Unforeseen, Unintended Consequences

Untold Stories of Diapers (Video 8 minutes)

Disposable Diapers Deep in Doo-Doo

Disposable diapers are one of the hardest items to recycle. Almost all go to landfill. How did we wind up in this mess?

How It Began

In the summer of 1961, I was a young junior engineer for Union Carbide Polymers Division. Proctor & Gamble was a major customer.

One evening about quitting time, my boss and I were bantering about the home run kings, Maris and Mantle of the New York Yankees, when a desperate voice from P&G phoned; never caught the name. Could we deliver in two weeks a sample shipment of taffeta embossed white polyethylene film? It was to be the outer liner of a disposable baby diaper. Taffeta embossing makes plastic film feel like cloth.

My boss replies, “Maybe one of our engineers can do something for you.” Handing over the phone, he says to me, “Wanna talk to this guy? This crap is never going anyplace!”

The voice said to phone a P&G engineer in the morning for technical specs. After the call I learned my situation – deep doo-doo. Having never made a film like this, we had no equipment or tooling to quickly set up for it. Crucially, no embossing roll was close to the desired taffeta pattern, and a new one from Italy had a minimum lead time of 16 weeks. P&G insisted on taffeta film in two weeks for a scheduled a test market. This would take some development work. No big deal said my boss; just do a chewing gum and bailing wire set up. This stink will blow over. This was just a test challenge for a junior engineer.

Re-examining all embossing rolls in the machine shop turned up nothing. Walt Templeton, a veteran machinist, inquired about my plight. “Simple kid. Shave down an old roll and use a knurling tool on it, like making a knurled knob.” I would have never thought of that.
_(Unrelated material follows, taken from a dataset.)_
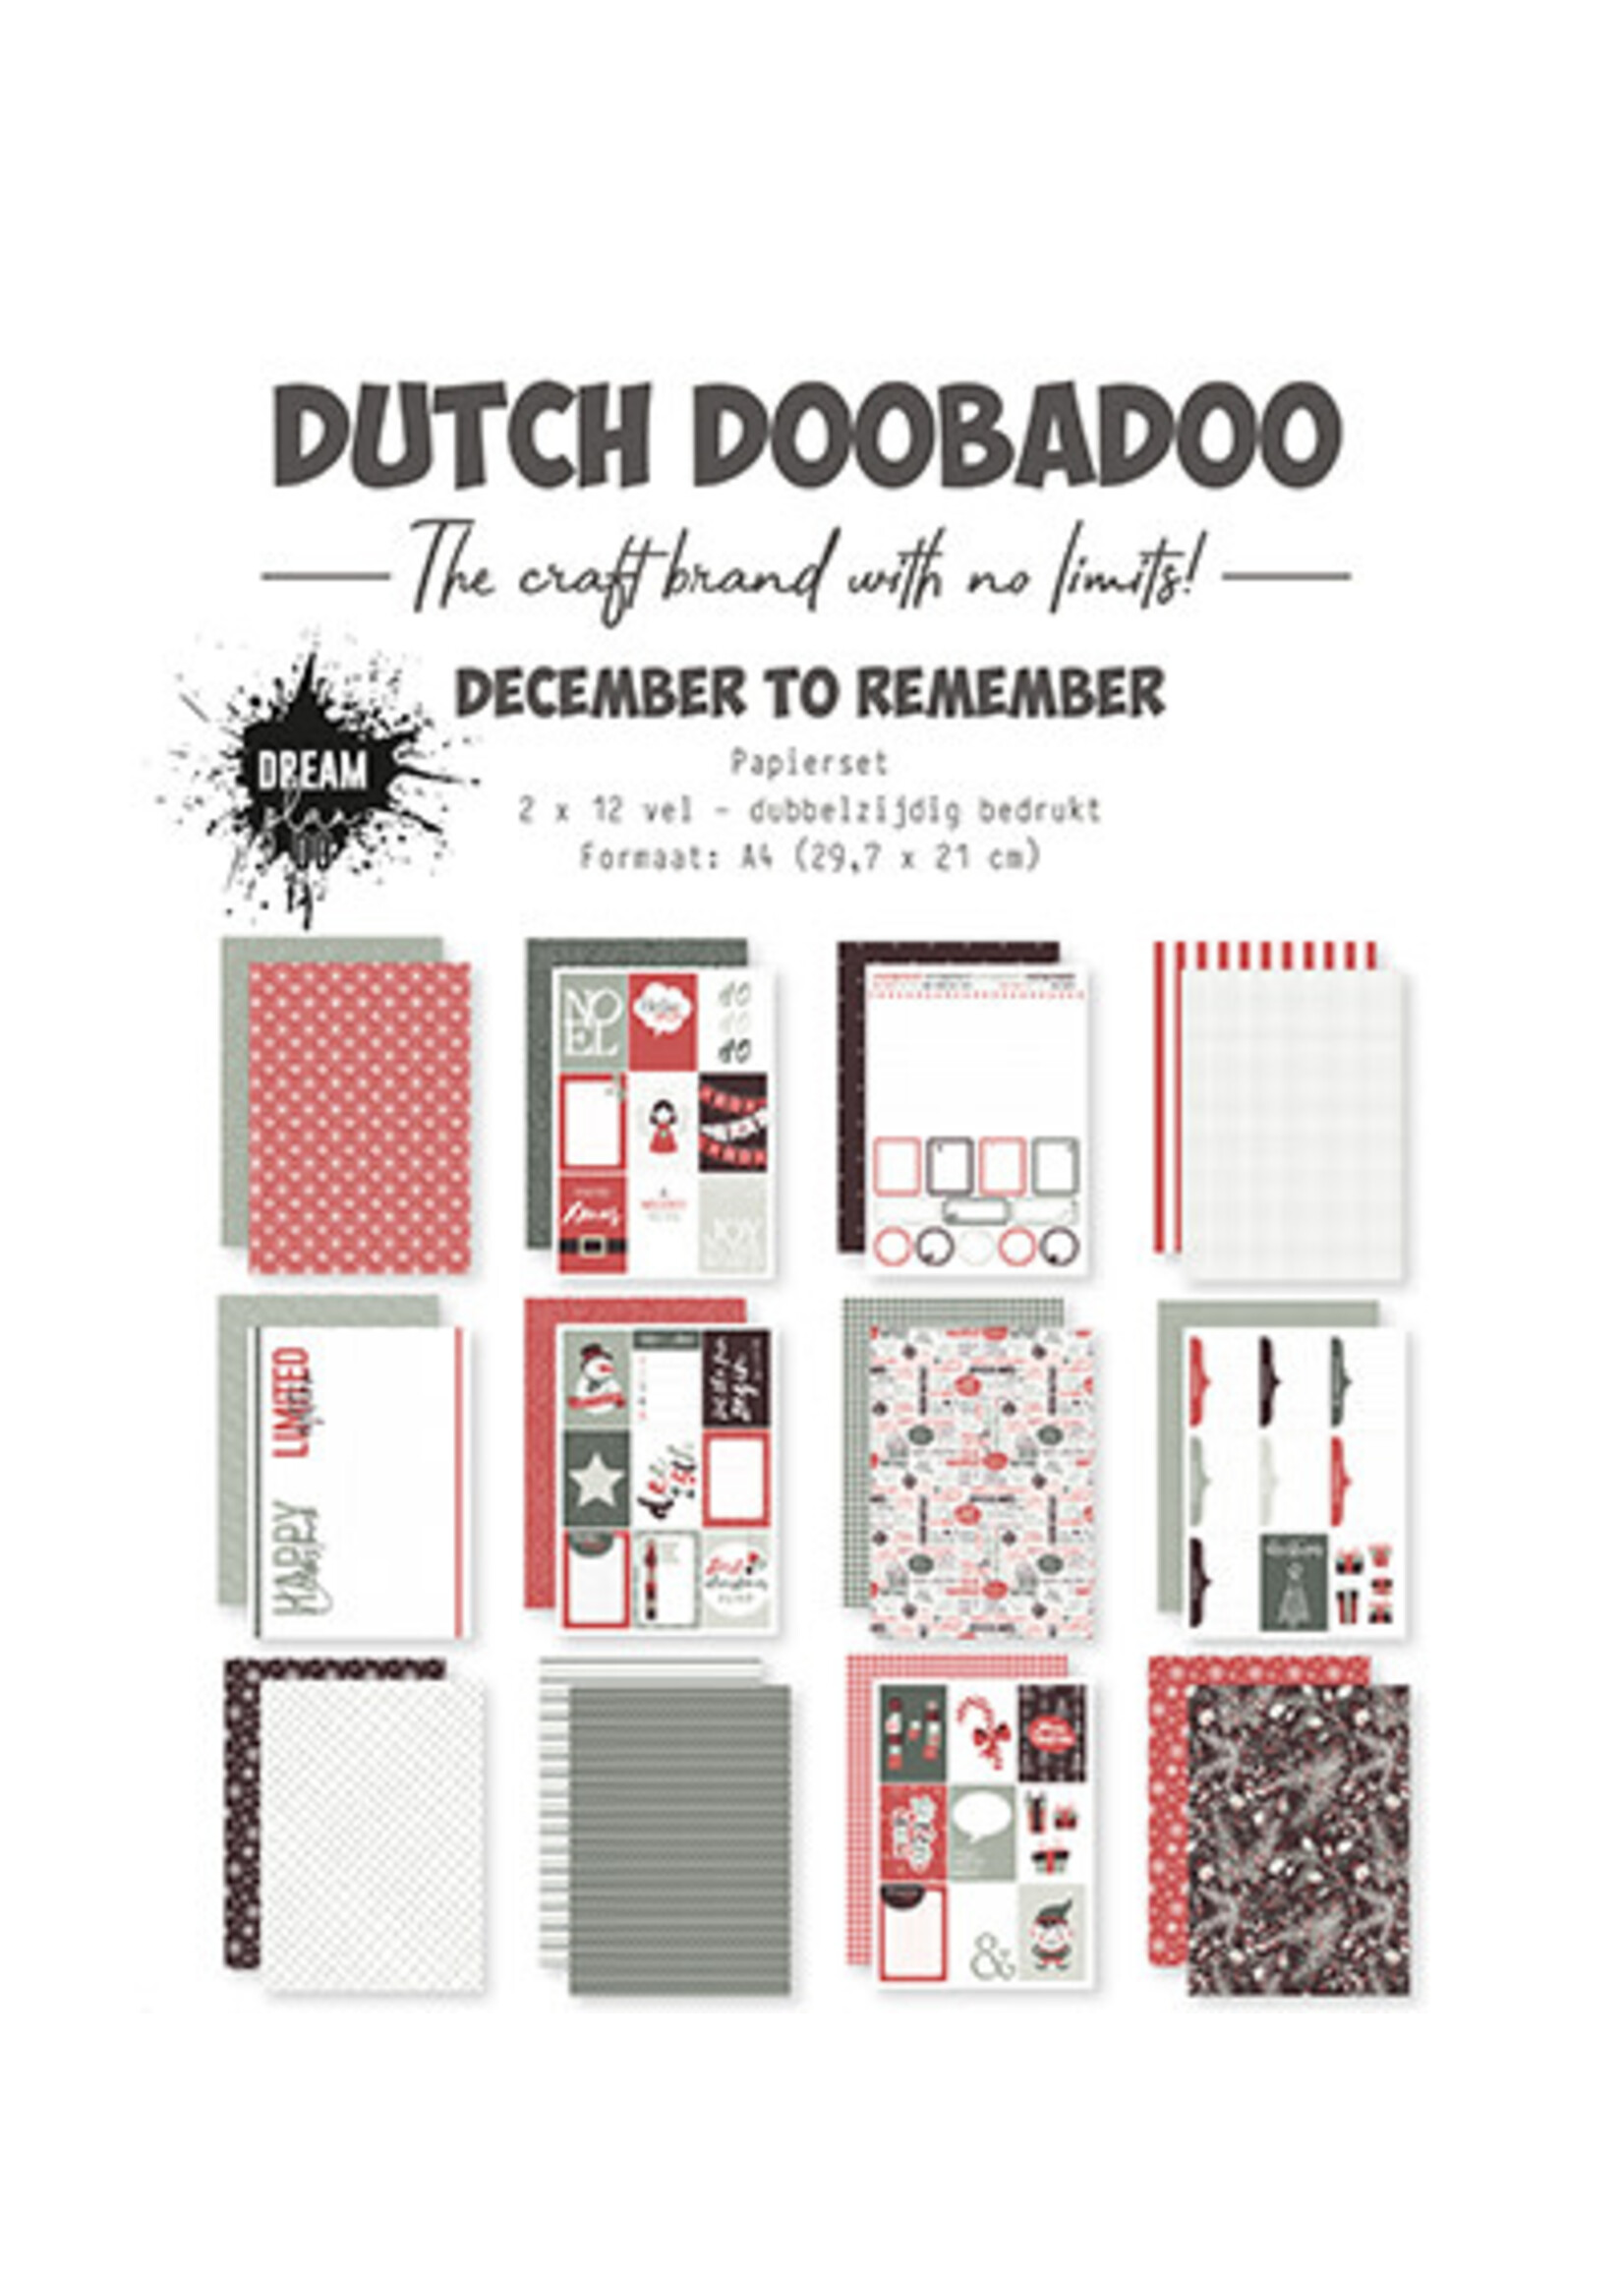 Dutch Doobadoo 473.005.052 - Papier December to remember

Walt prepped a temporary roll in one day.

To make a long story short, ten days and a couple of all-nighters later we choked out a few sample rolls of film for P&G. The set up looked like a junior high shop project, but it worked. My engineering file drawer was labeled, “K-Wrap,” a spoof on Glad-Wrap.

A couple of weeks later, P&G wanted a bigger sample order for a test market; a few weeks after that, a sample order three times as big. Larger quantities on the rickety set up stressed both operators and the engineer. About three months into this, surprise! P&G said that sales of disposable diapers under the brand Pampers were ready to launch. How soon could we scale up? I was removed from the project. Senior engineers took over.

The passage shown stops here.